Records for processing
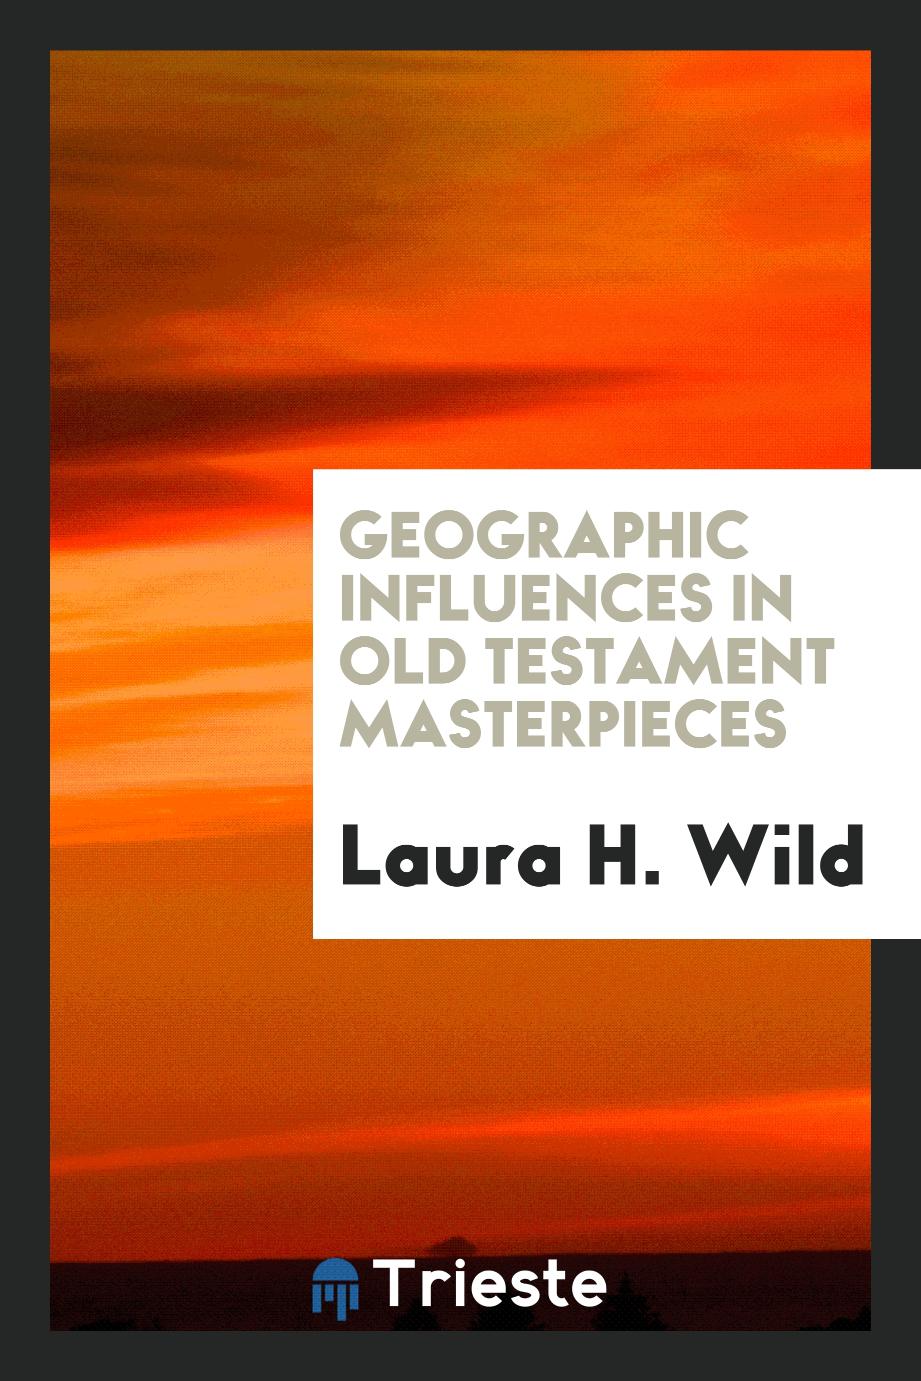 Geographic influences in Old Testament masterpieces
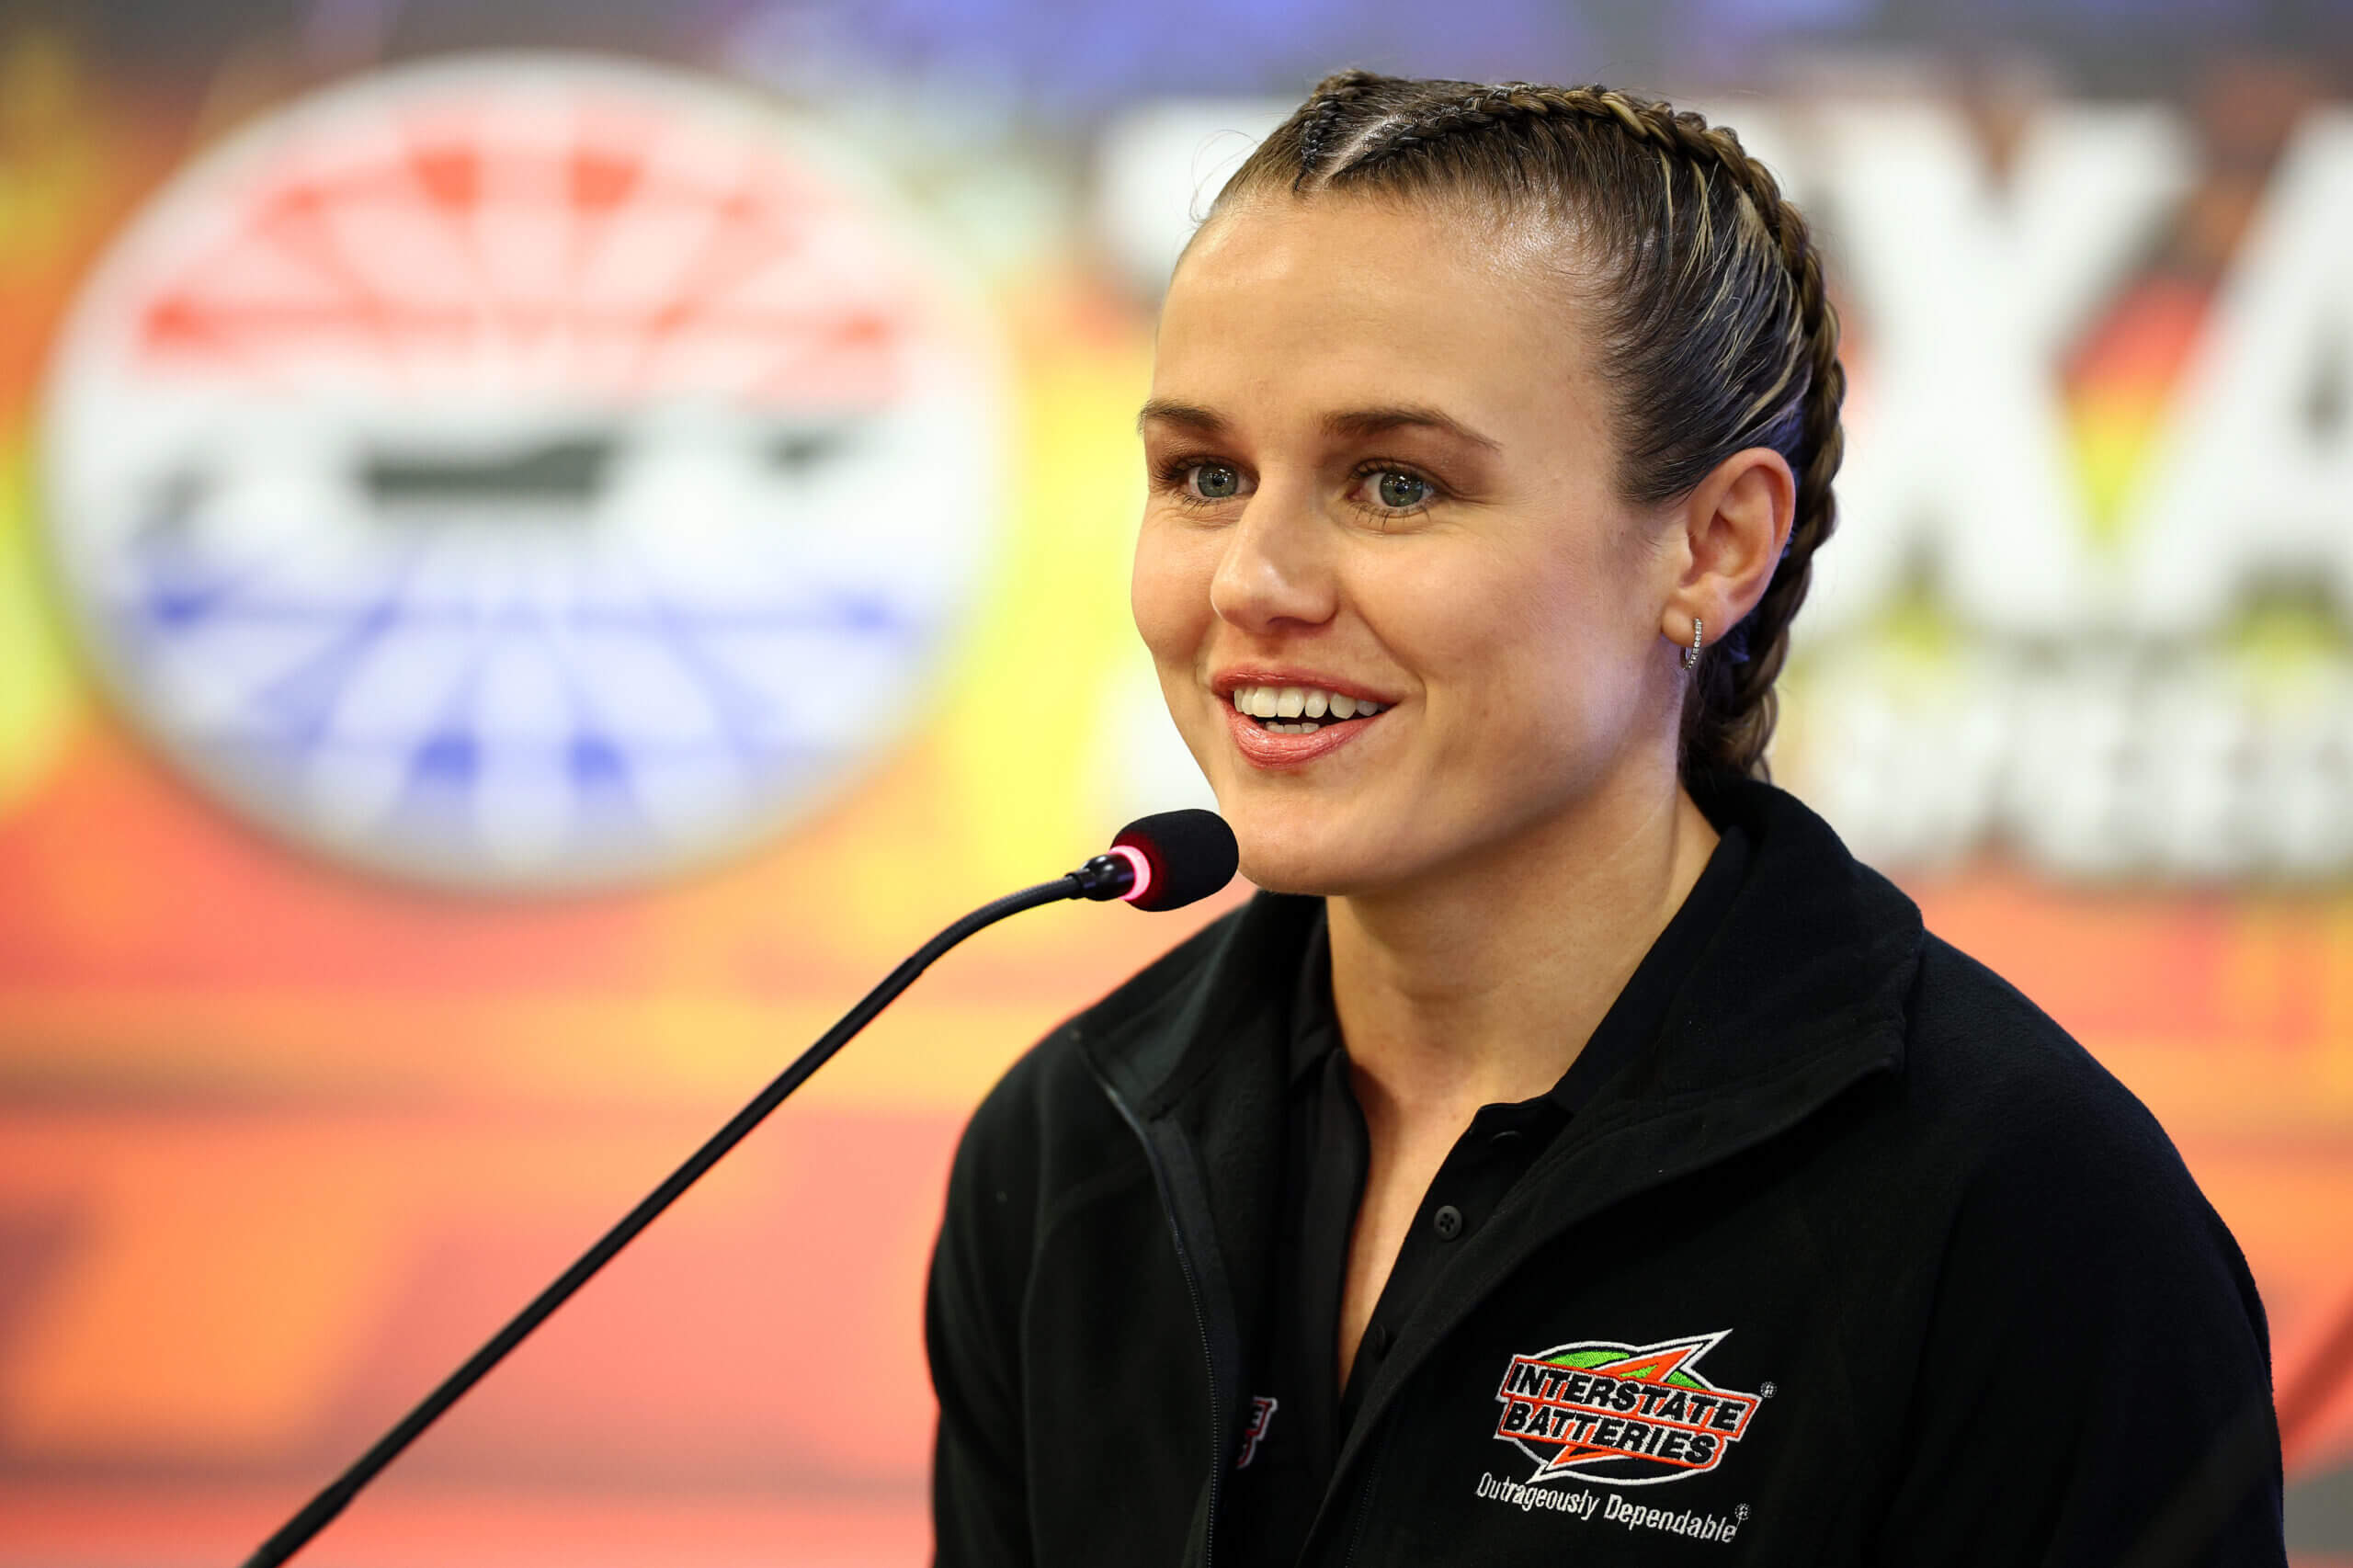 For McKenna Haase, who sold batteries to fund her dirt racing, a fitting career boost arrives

...

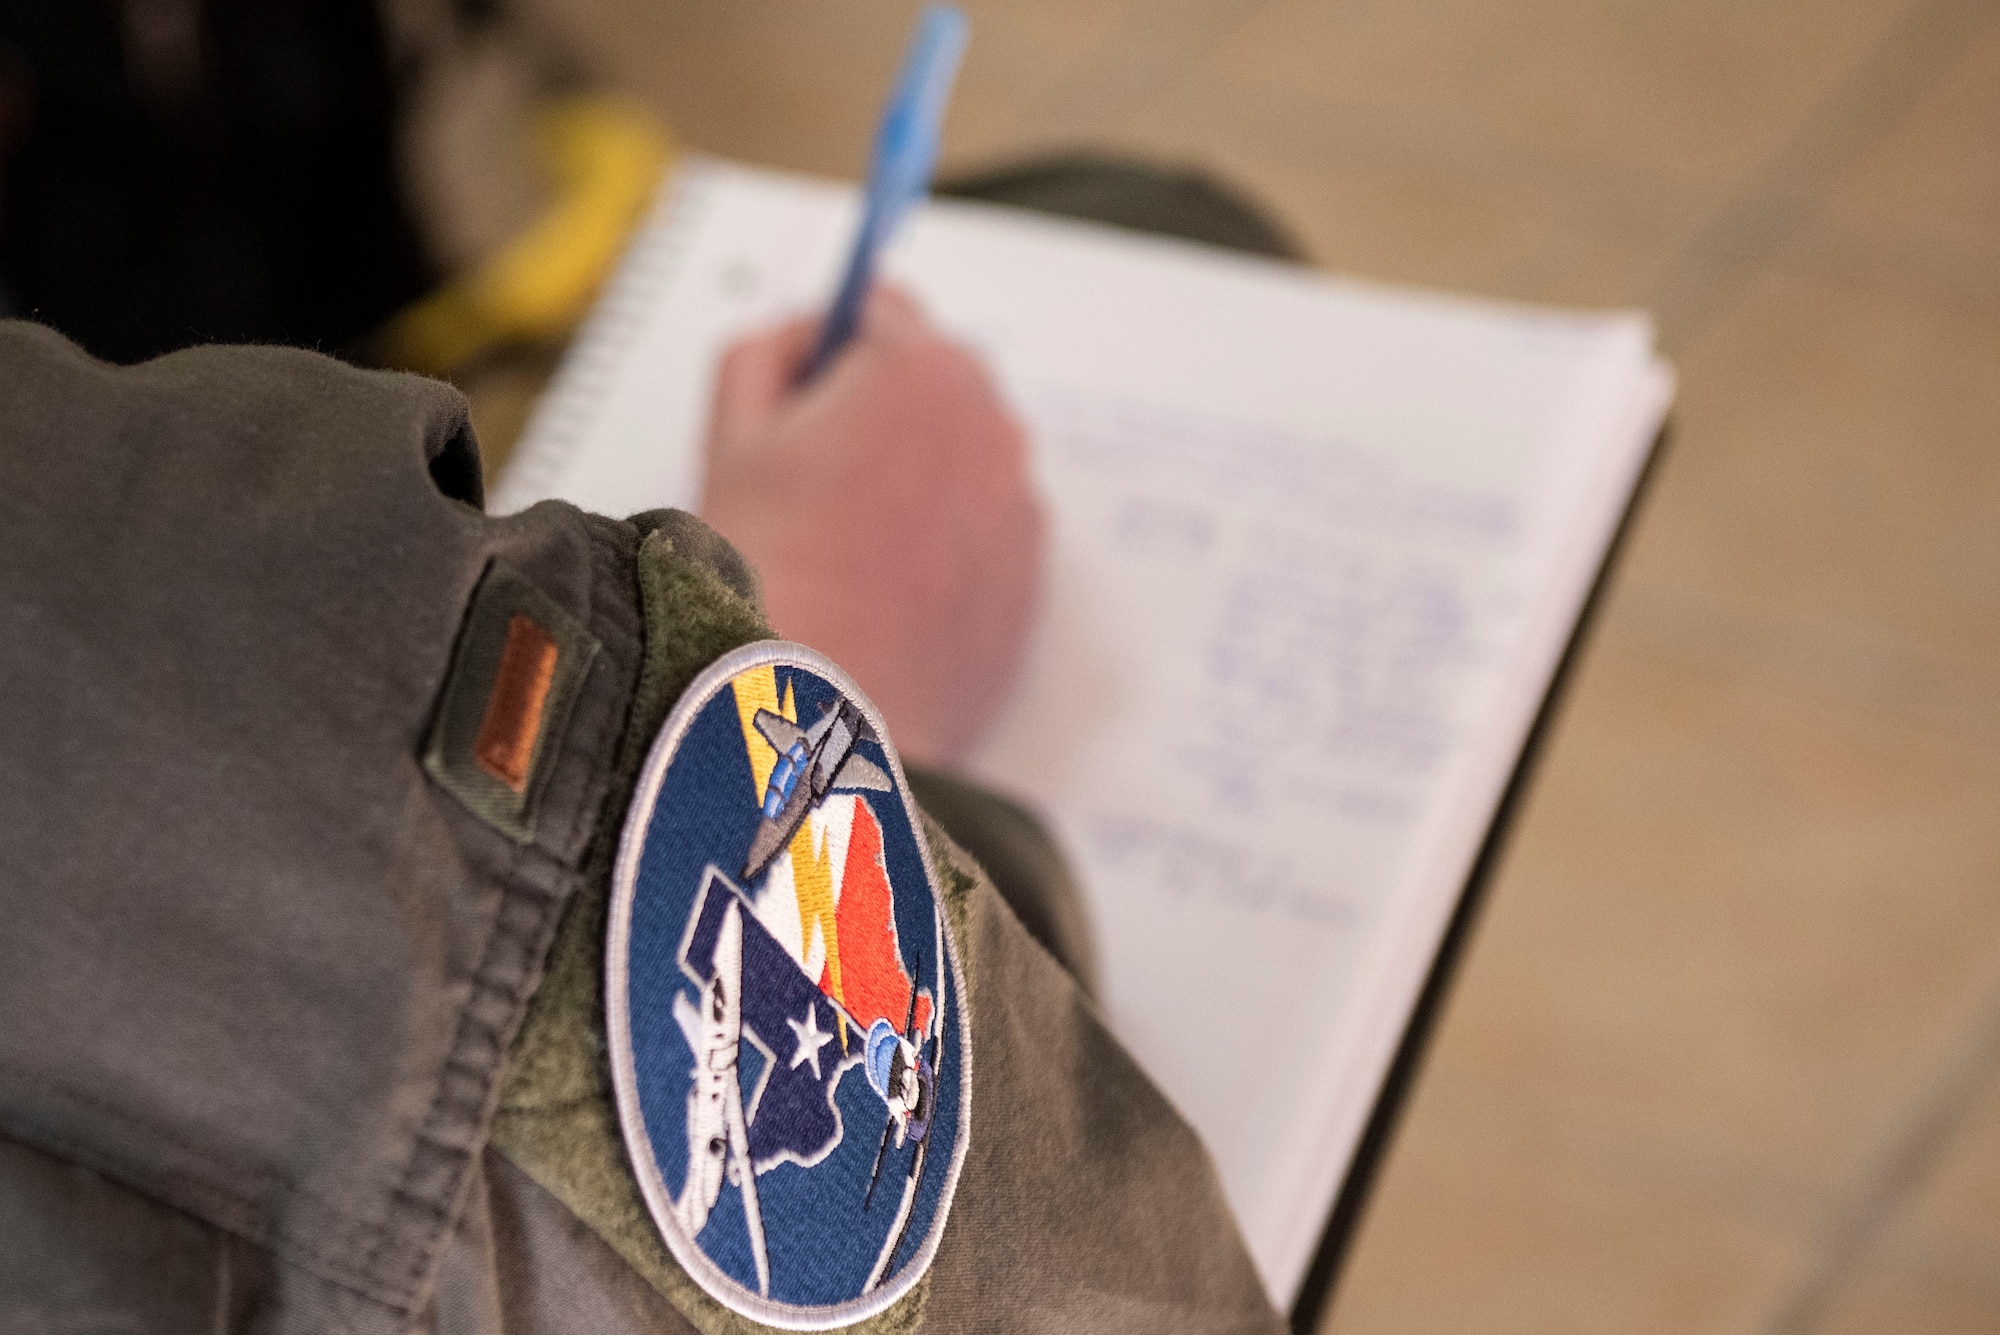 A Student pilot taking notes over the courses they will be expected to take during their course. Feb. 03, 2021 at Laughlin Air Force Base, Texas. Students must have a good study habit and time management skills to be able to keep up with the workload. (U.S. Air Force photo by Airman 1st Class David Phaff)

Instructions to follow
Look above for the line with "Geographic influences in"; quote it and every line after it, stopping after the line with "For McKenna Haase, who", exactly, with nothing added and without pictures.

Answer space
 Geographic influences in Old Testament masterpieces
 For McKenna Haase, who sold batteries to fund her dirt racing, a fitting career boost arrives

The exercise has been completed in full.